Only one span of the material below is wanted. Output it exactly, from the line with "ae24210c6a62ef Vans - OG" through the line with "Sofa para varanda", without any pictures.

Data excerpts:
╭──
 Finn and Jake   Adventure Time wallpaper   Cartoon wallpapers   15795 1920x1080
╰──
╭──
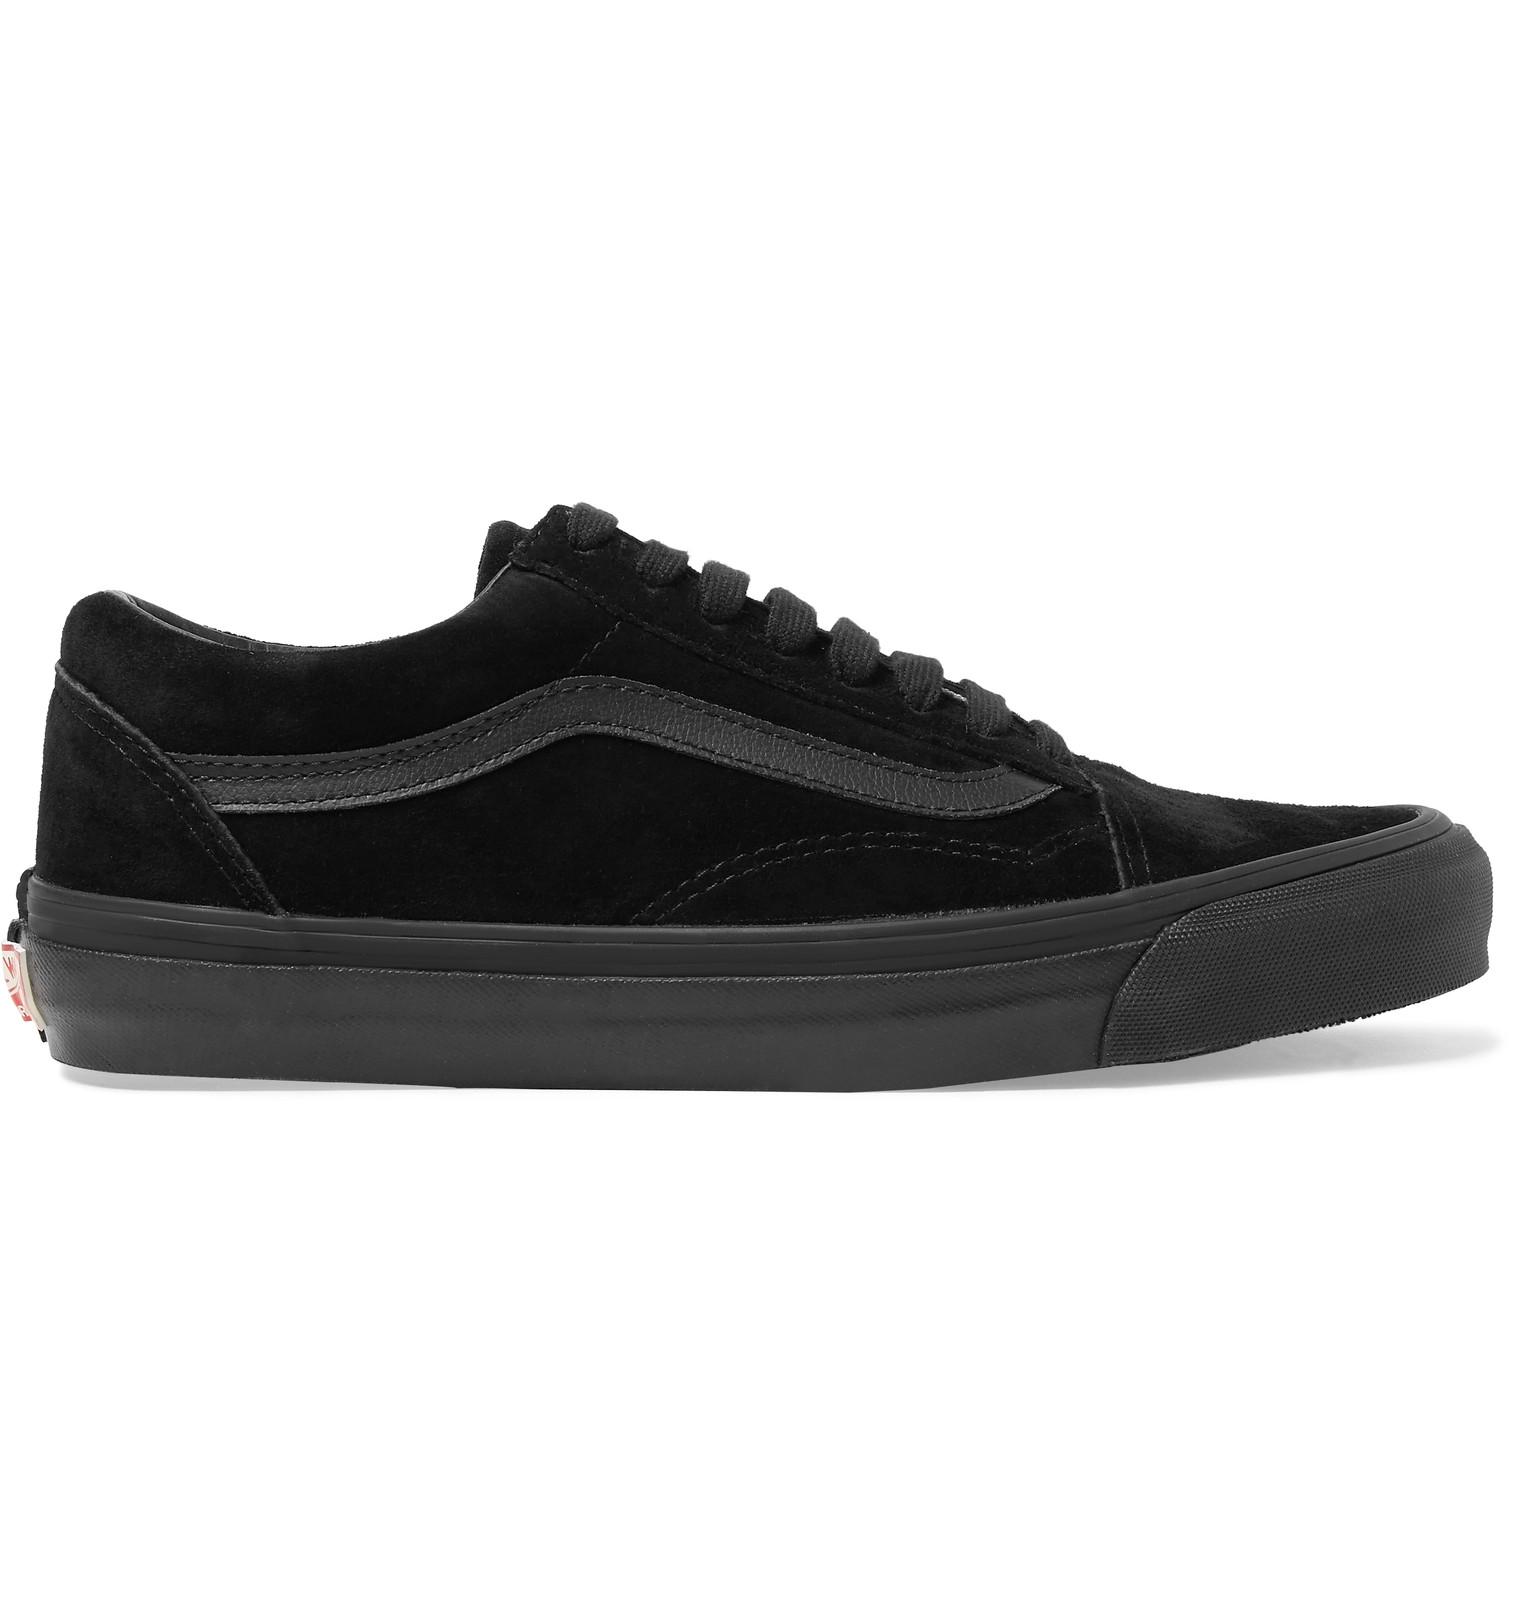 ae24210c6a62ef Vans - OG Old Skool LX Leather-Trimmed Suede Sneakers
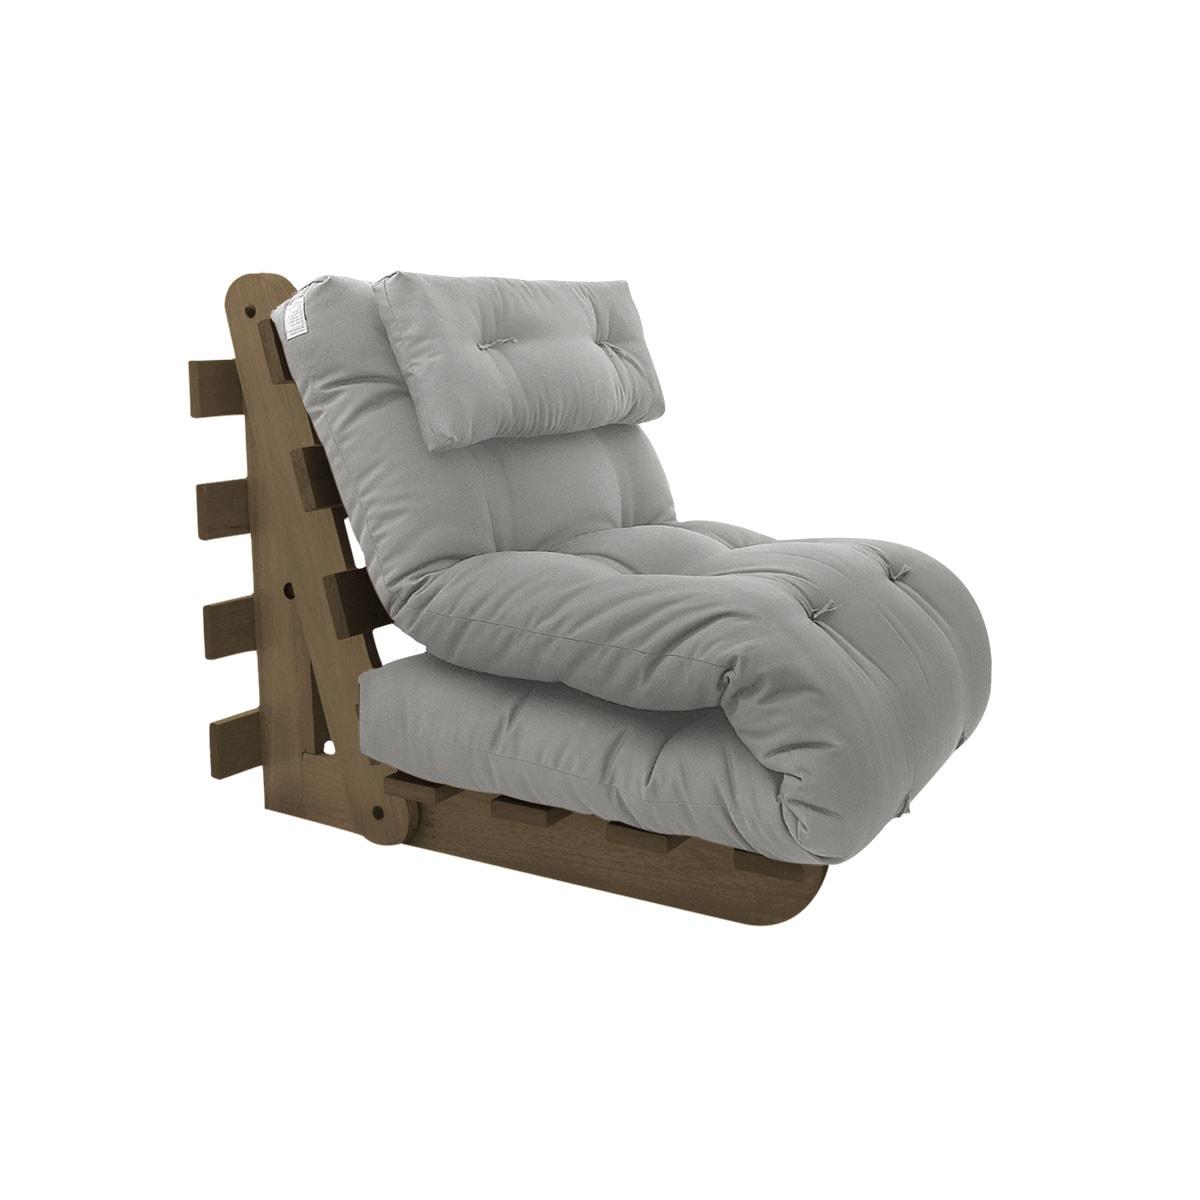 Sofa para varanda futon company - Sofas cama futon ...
╰──
╭──
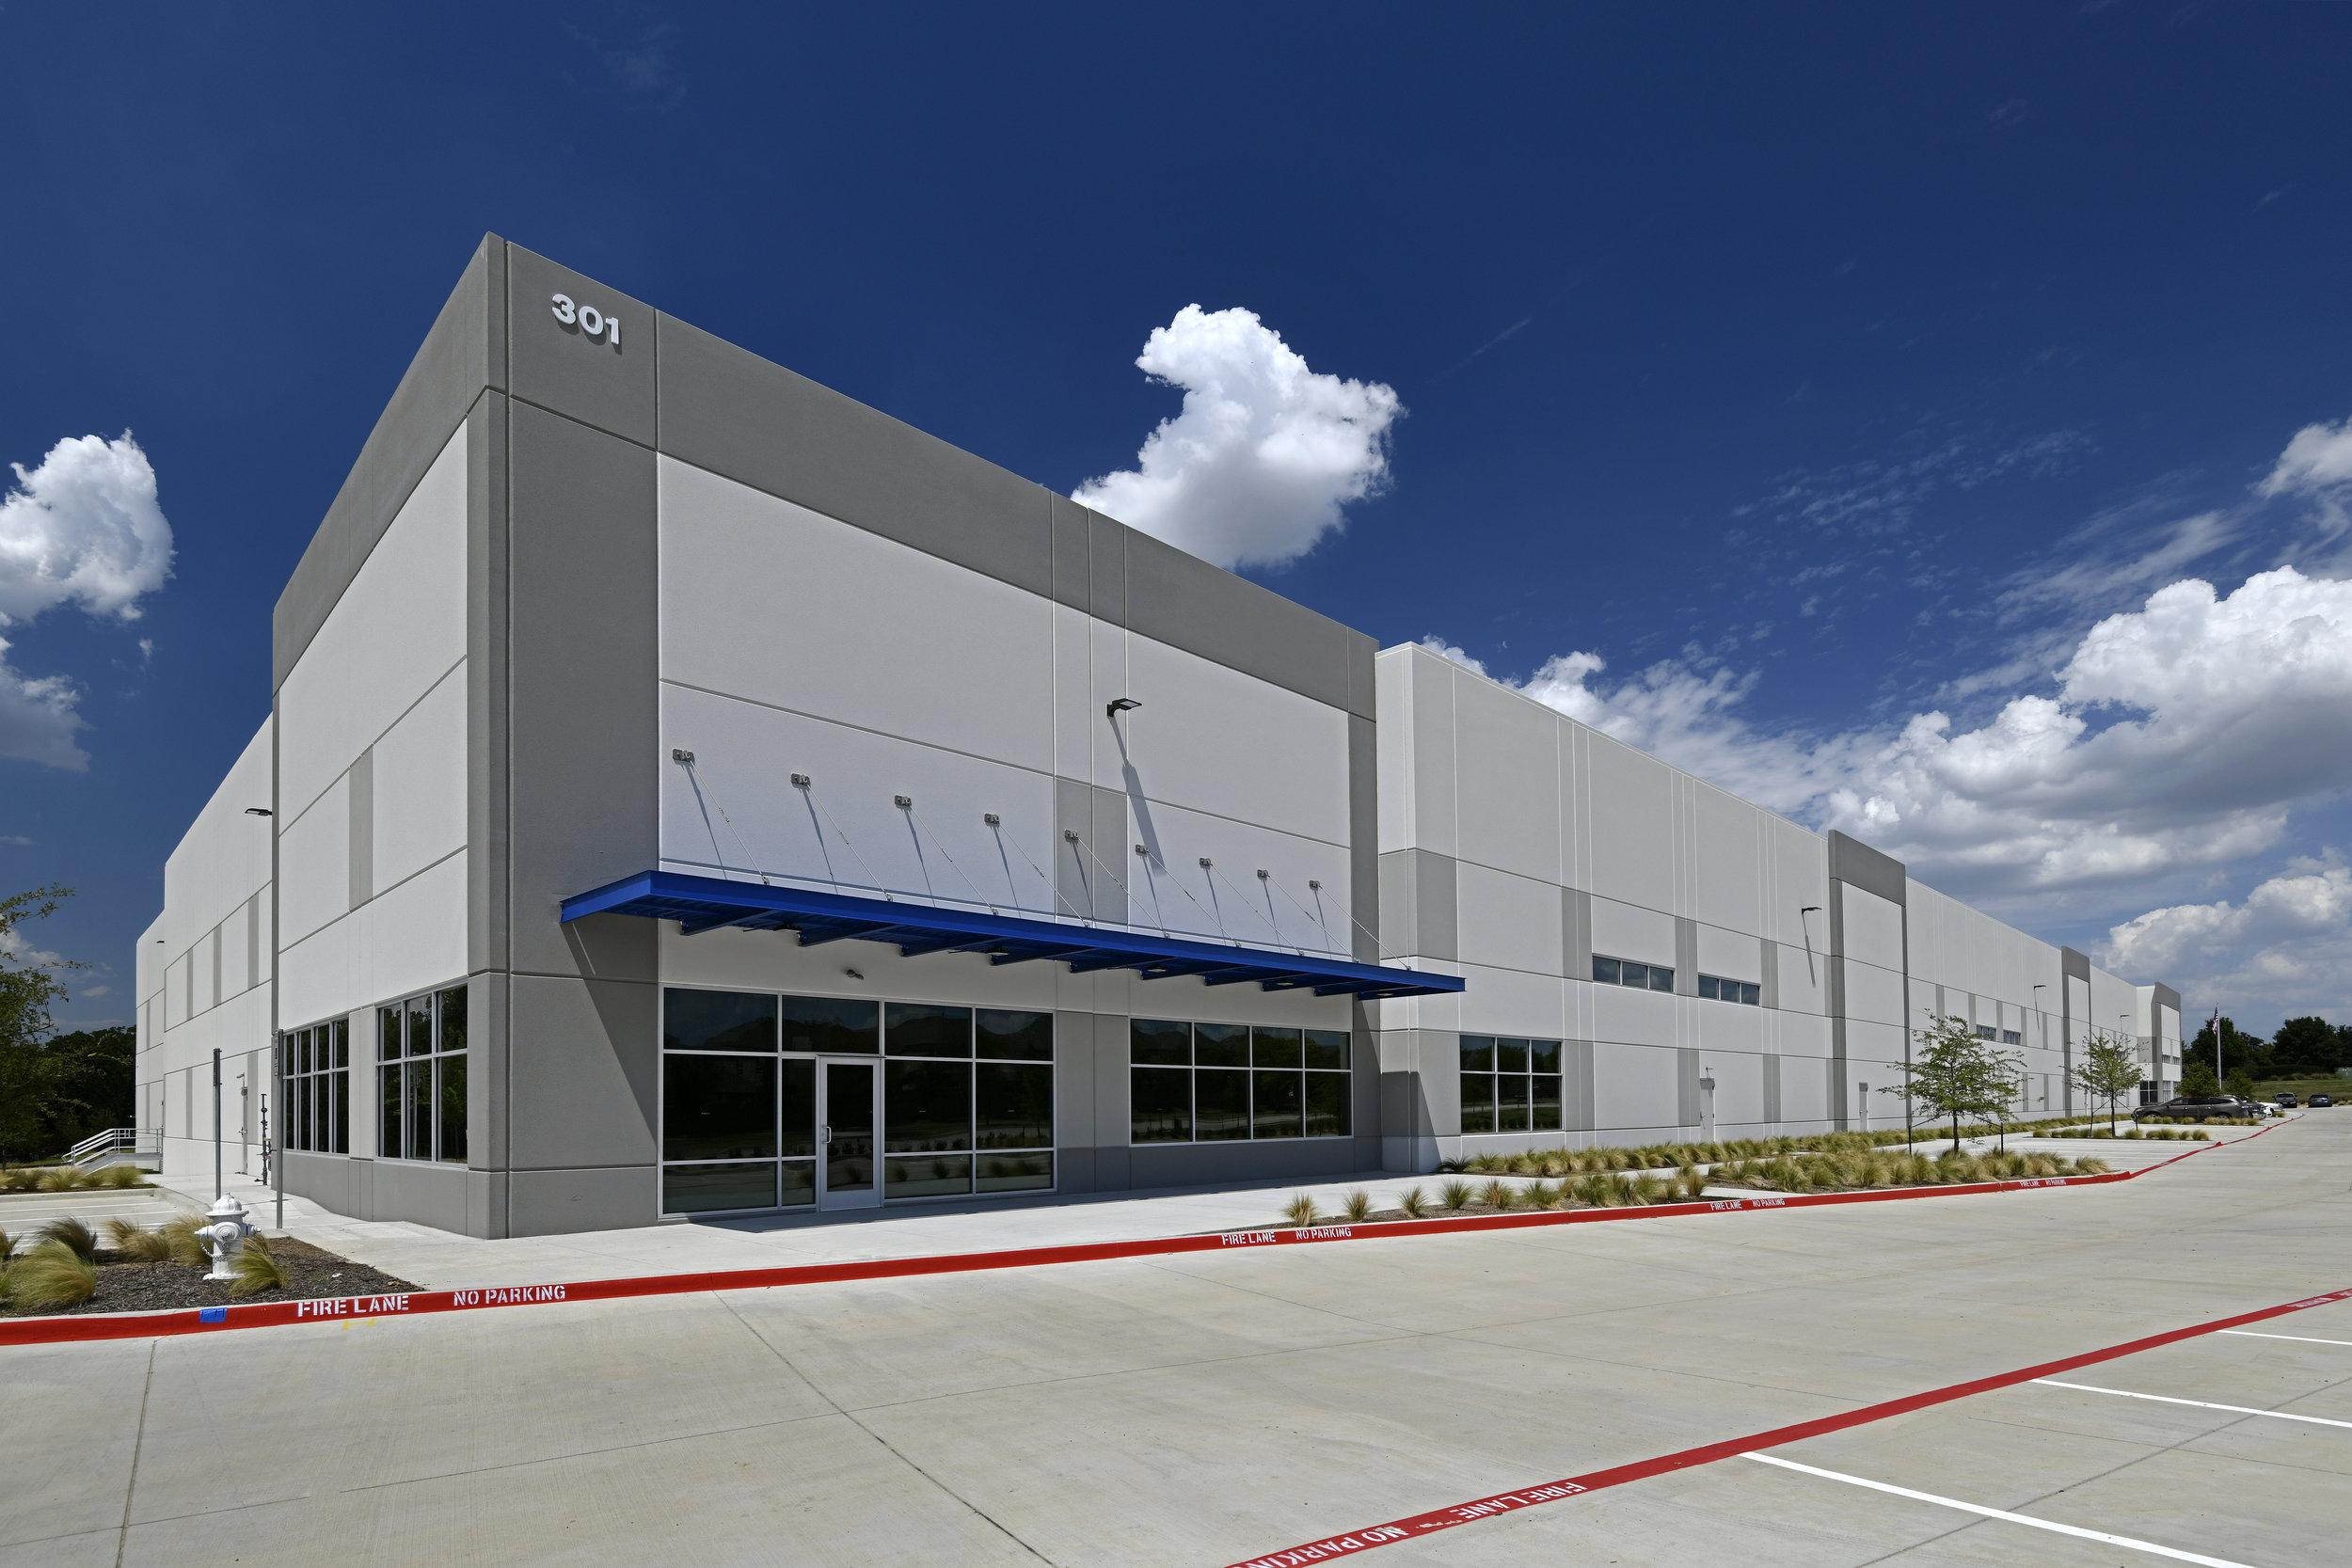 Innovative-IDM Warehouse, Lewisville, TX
╰──
Solution to this task:
 ae24210c6a62ef Vans - OG Old Skool LX Leather-Trimmed Suede Sneakers
 Sofa para varanda futon company - Sofas cama futon ...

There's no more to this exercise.